* DESCRIPTION OF THE TASK
Exactly and only the lines below from the one containing "videoprojecteur optoma h184x fonctions" down to the one containing "New Balance Made" are wanted, both included; please exclude every picture.

* ENTRIES SHOWN

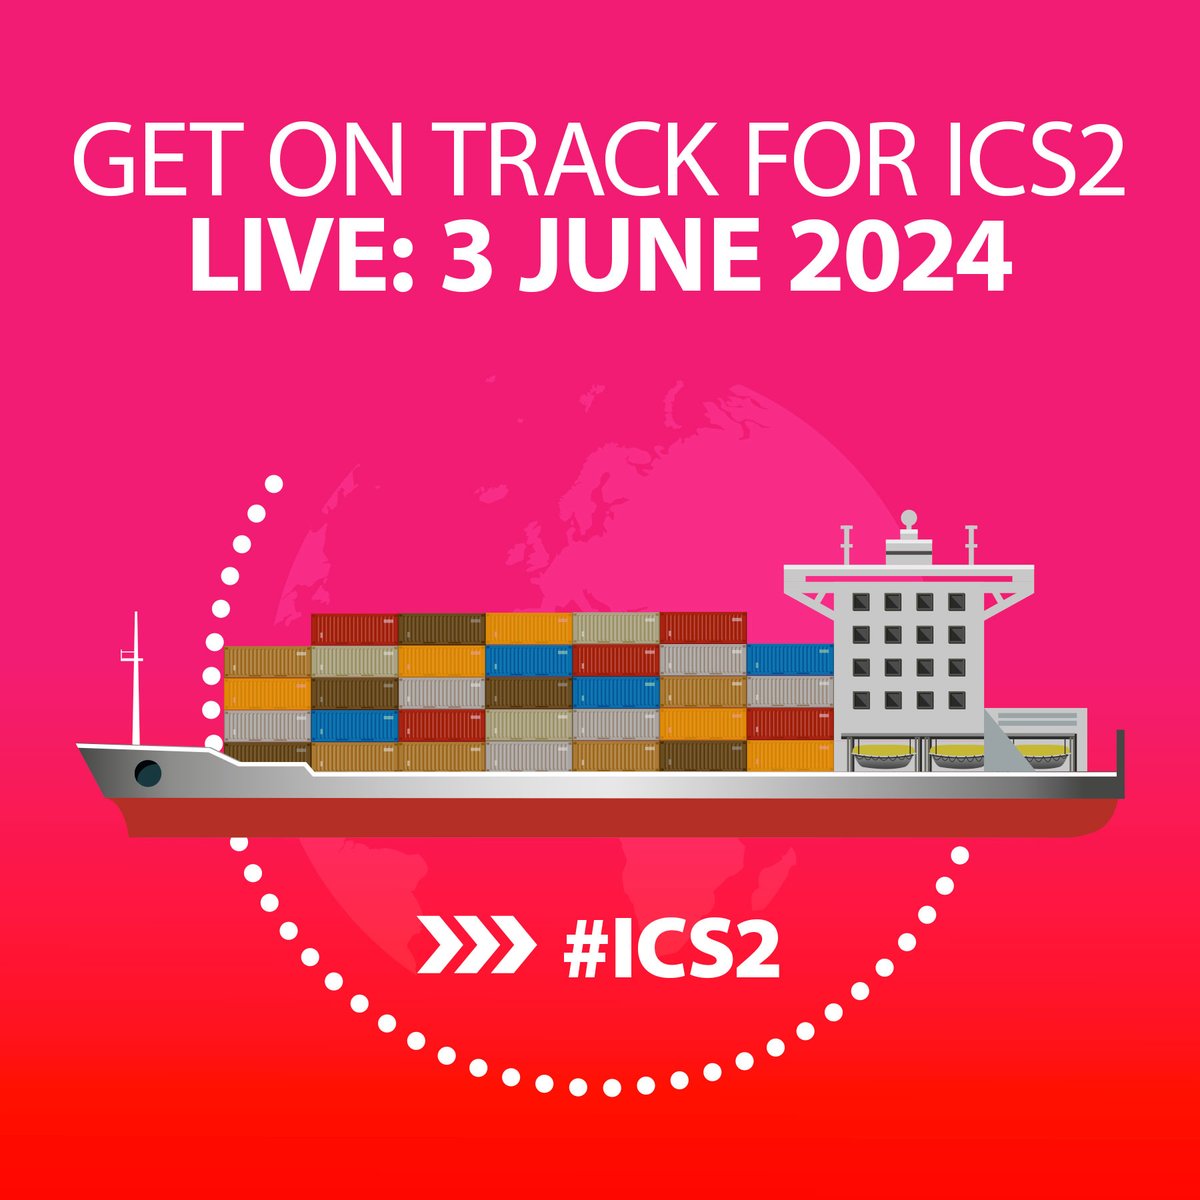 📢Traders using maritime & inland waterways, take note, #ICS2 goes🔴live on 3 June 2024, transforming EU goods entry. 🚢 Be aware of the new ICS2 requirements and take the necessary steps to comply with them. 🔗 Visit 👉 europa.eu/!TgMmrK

* * *

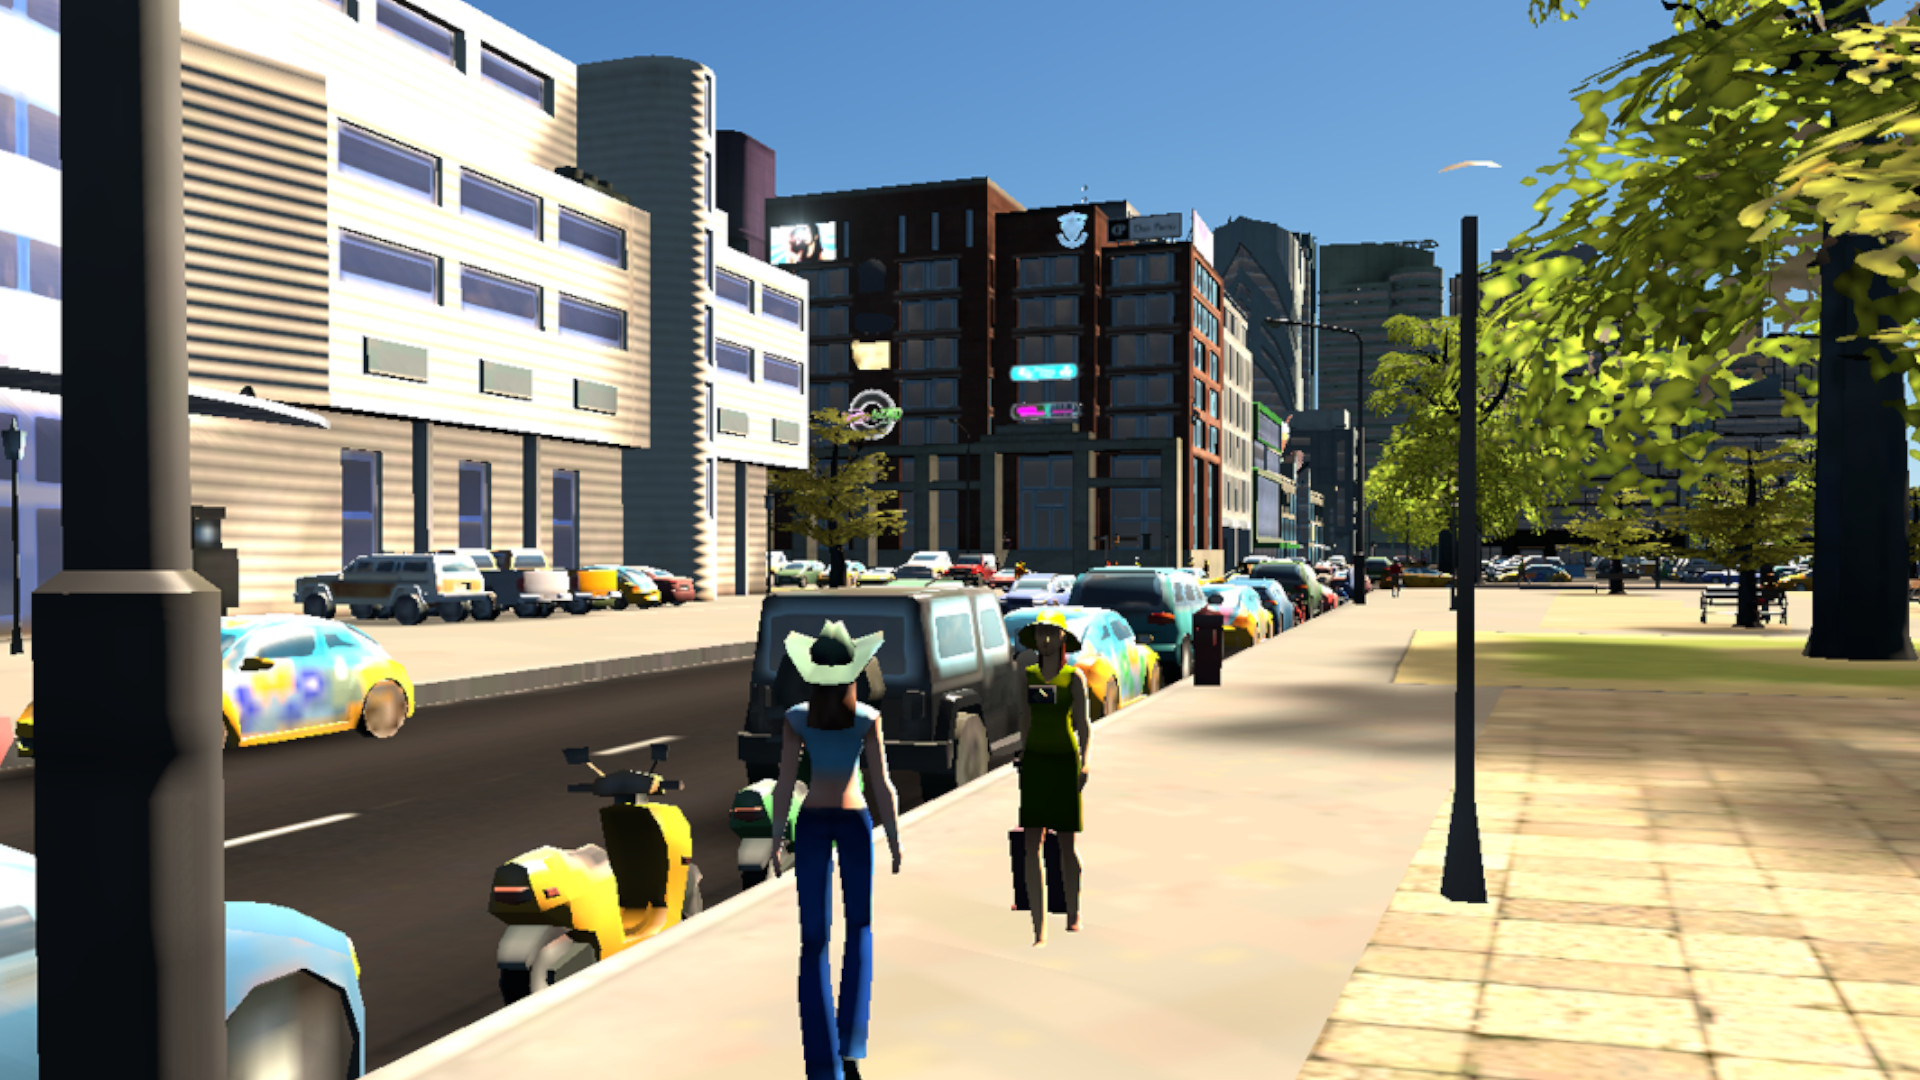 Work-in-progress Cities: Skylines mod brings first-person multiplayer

* * *

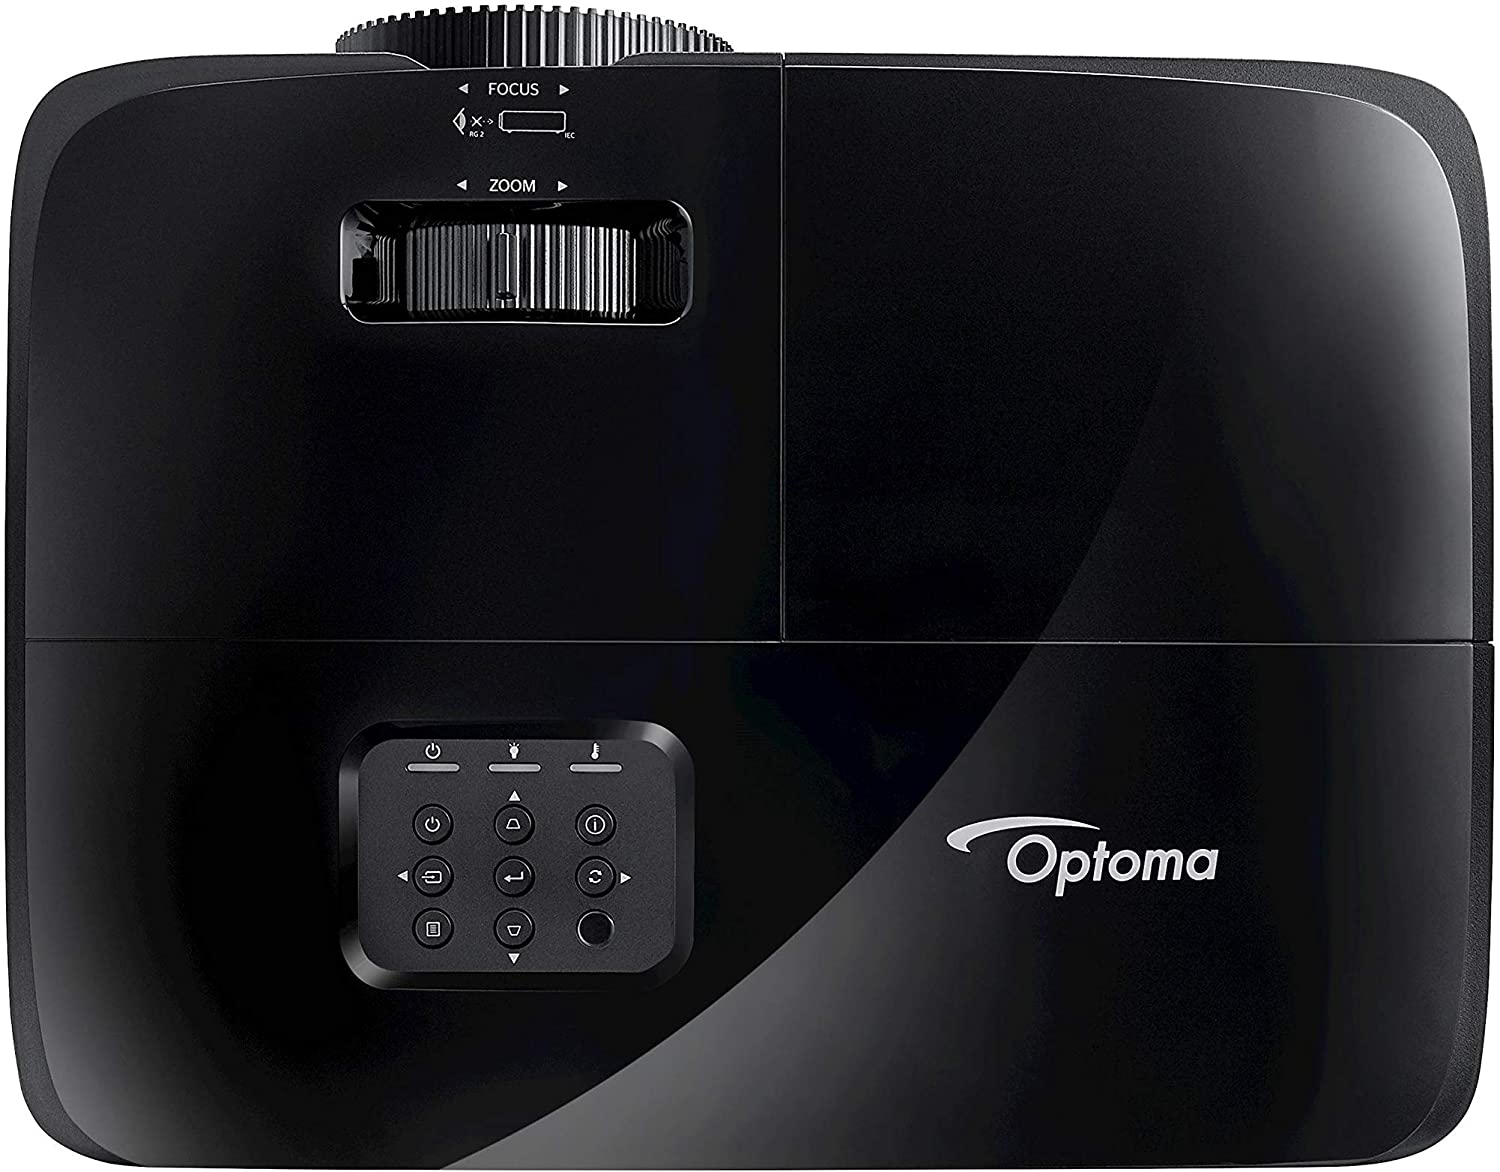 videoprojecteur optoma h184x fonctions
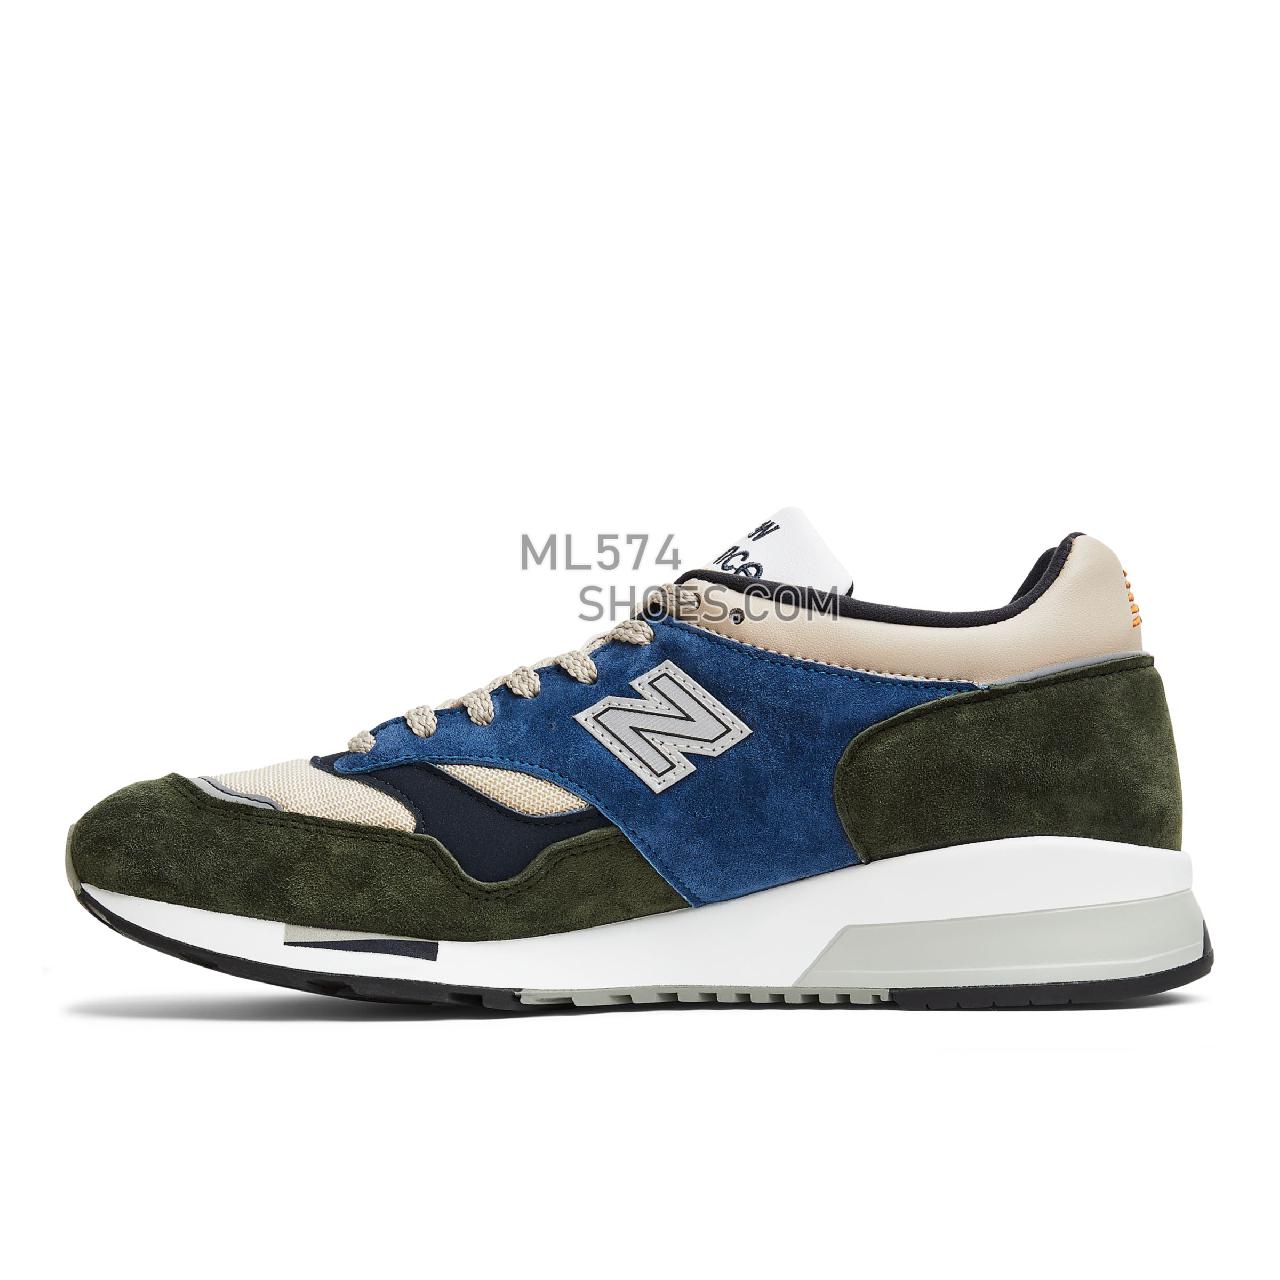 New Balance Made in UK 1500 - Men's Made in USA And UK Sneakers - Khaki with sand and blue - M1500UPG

* RESPONSE TO THE EXERCISE
 videoprojecteur optoma h184x fonctions
 New Balance Made in UK 1500 - Men's Made in USA And UK Sneakers - Khaki with sand and blue - M1500UPG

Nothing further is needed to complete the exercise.